▶ What needs to be done
Please set down only the lines below starting with the line with "How To Fetch" and going on through the line with "Seeing Orbs With the Naked Eye", verbatim and without pictures.

▶ Exercise inputs

▼

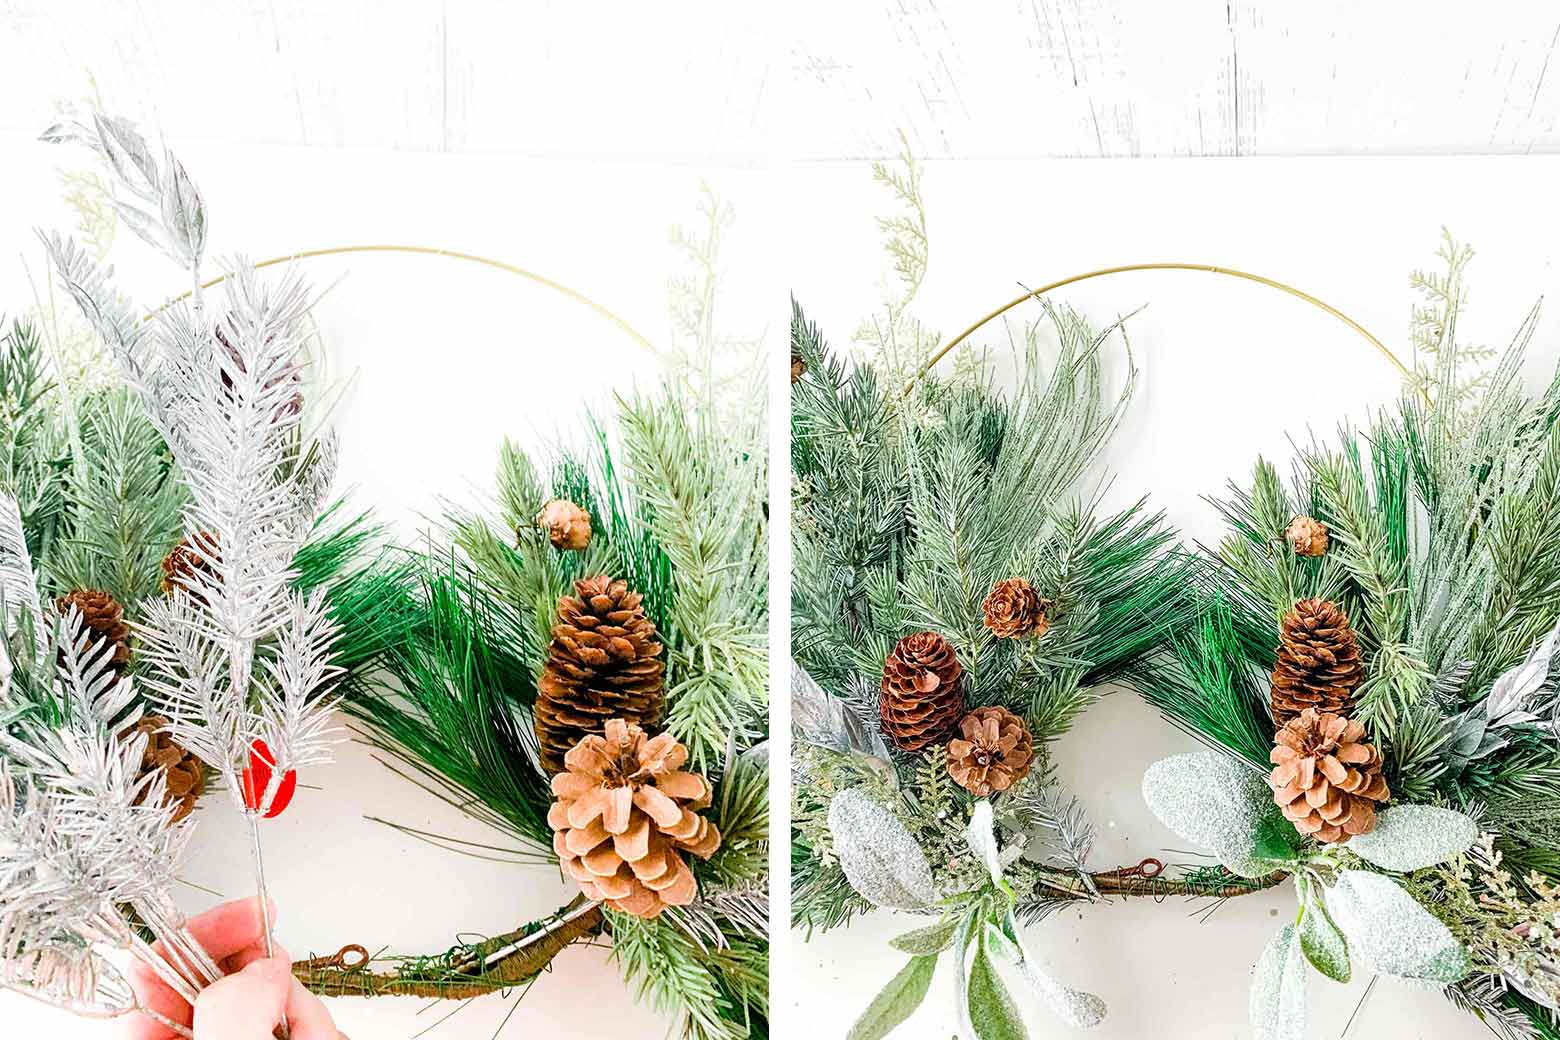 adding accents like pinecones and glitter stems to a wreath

▲
▼

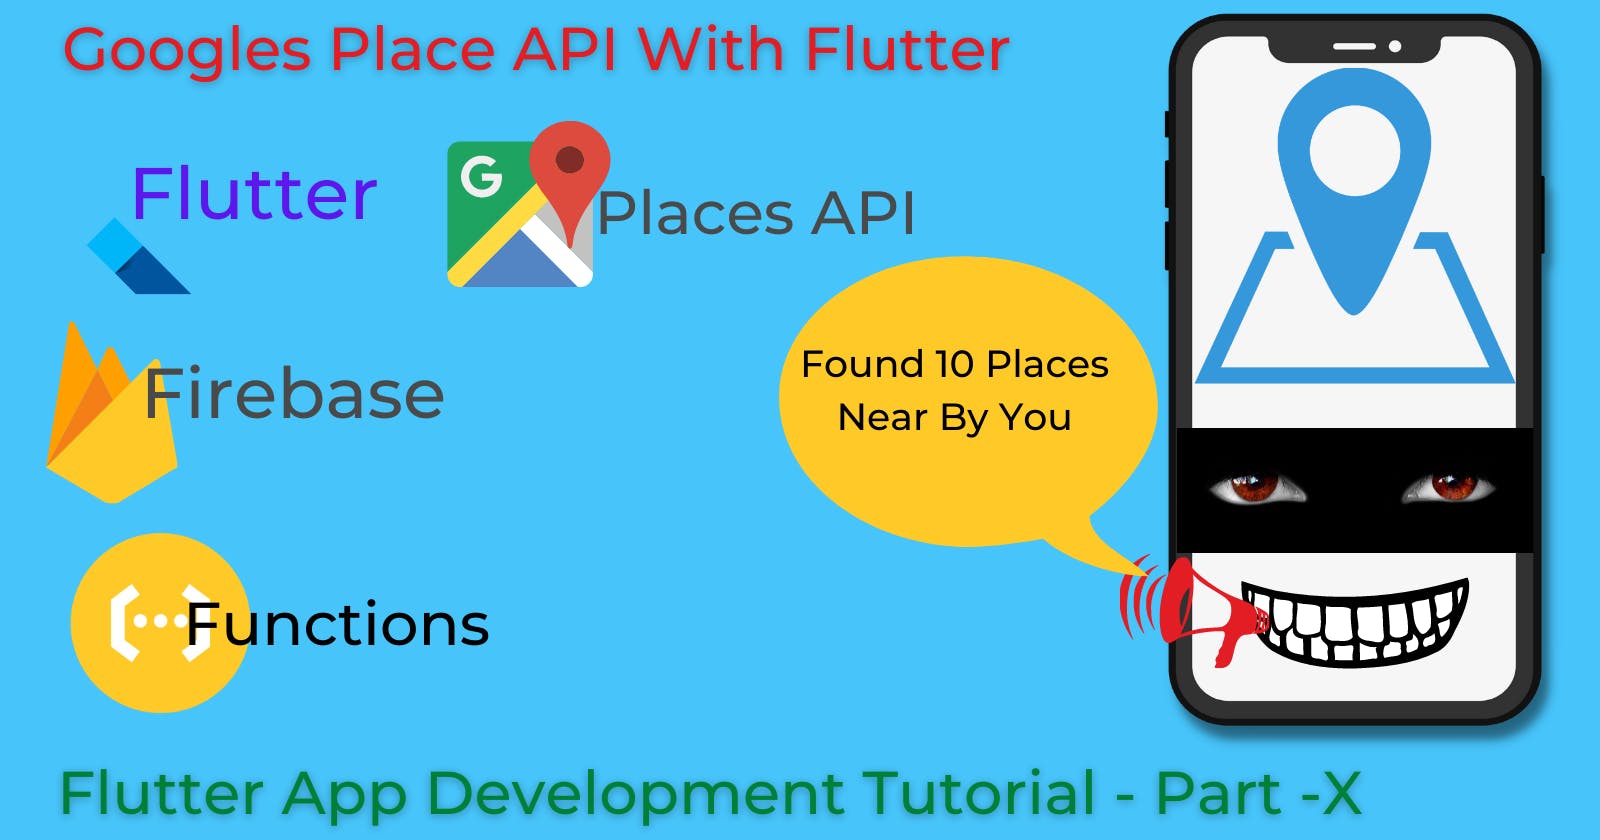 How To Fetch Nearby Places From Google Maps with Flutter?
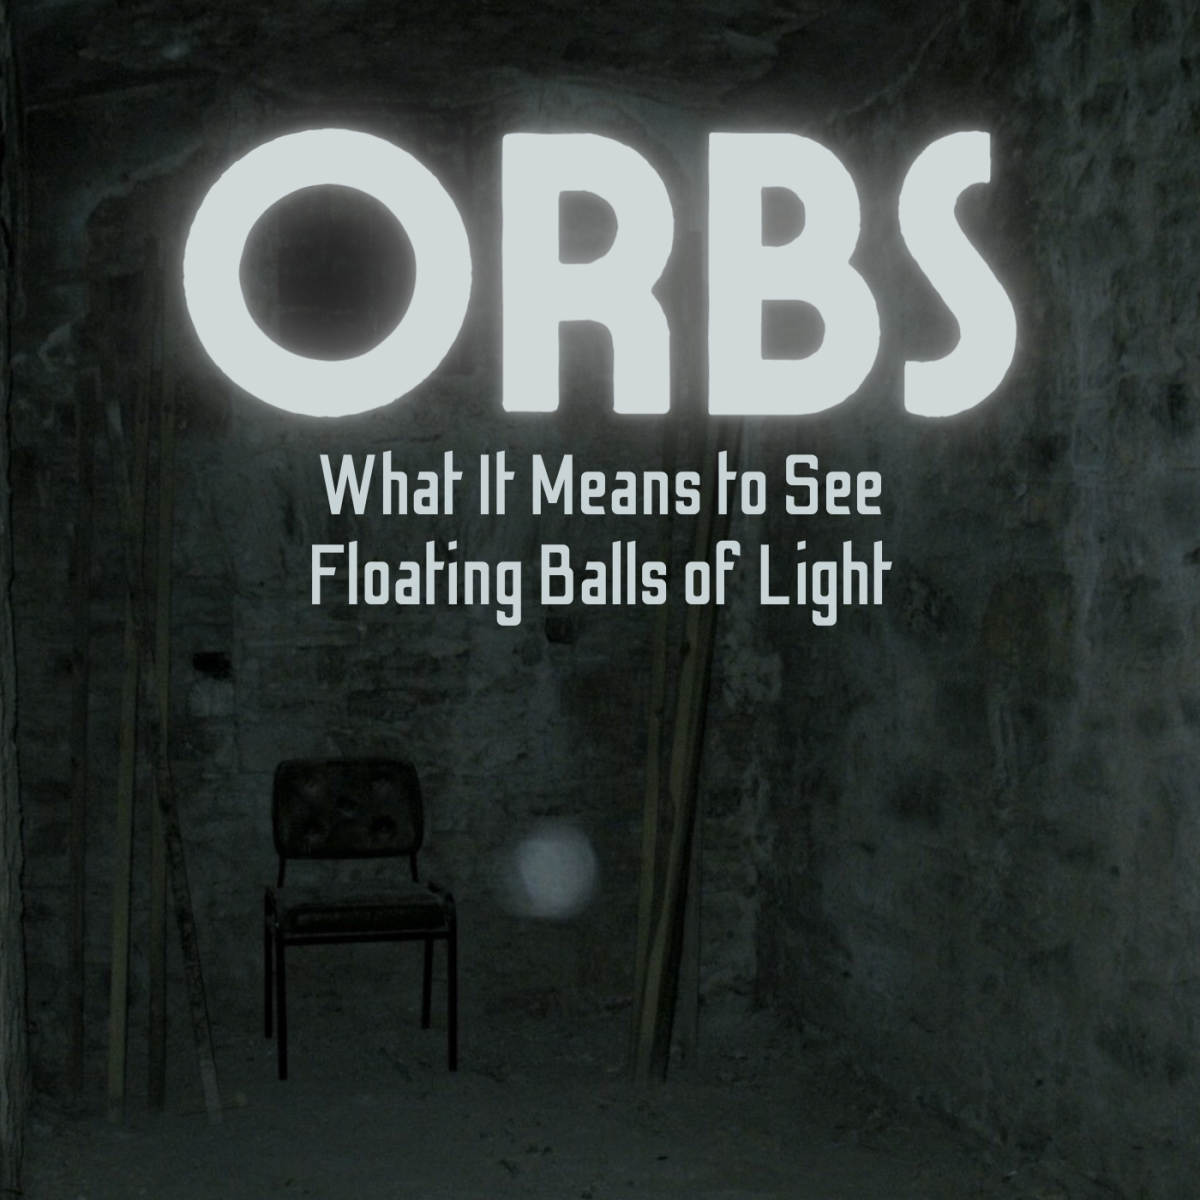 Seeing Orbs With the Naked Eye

▲
▼

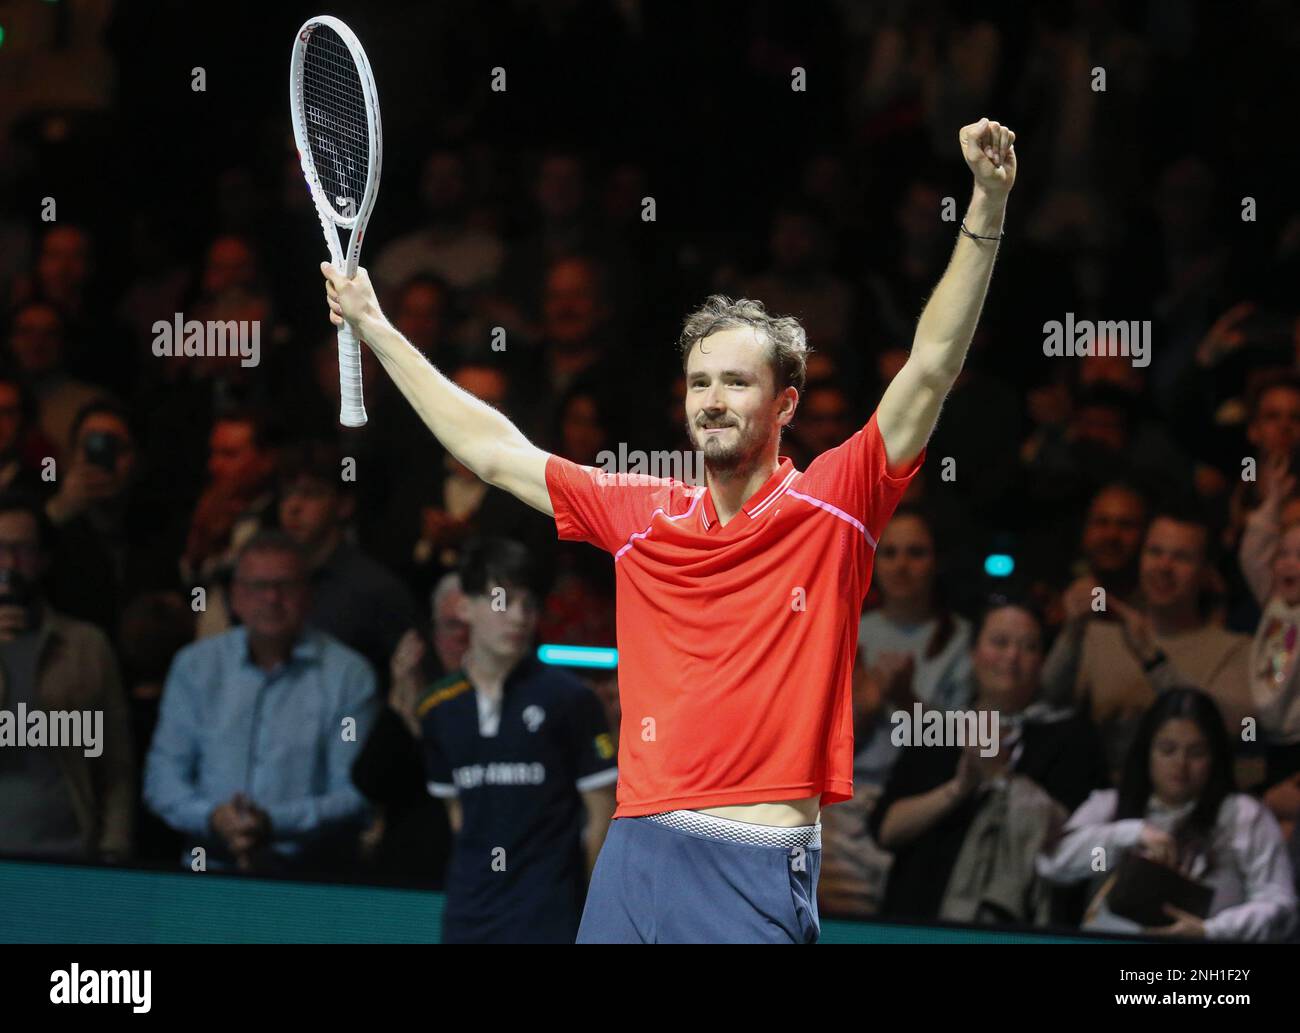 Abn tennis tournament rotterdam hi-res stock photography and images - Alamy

▲

▶ Task result
 How To Fetch Nearby Places From Google Maps with Flutter?
 Seeing Orbs With the Naked Eye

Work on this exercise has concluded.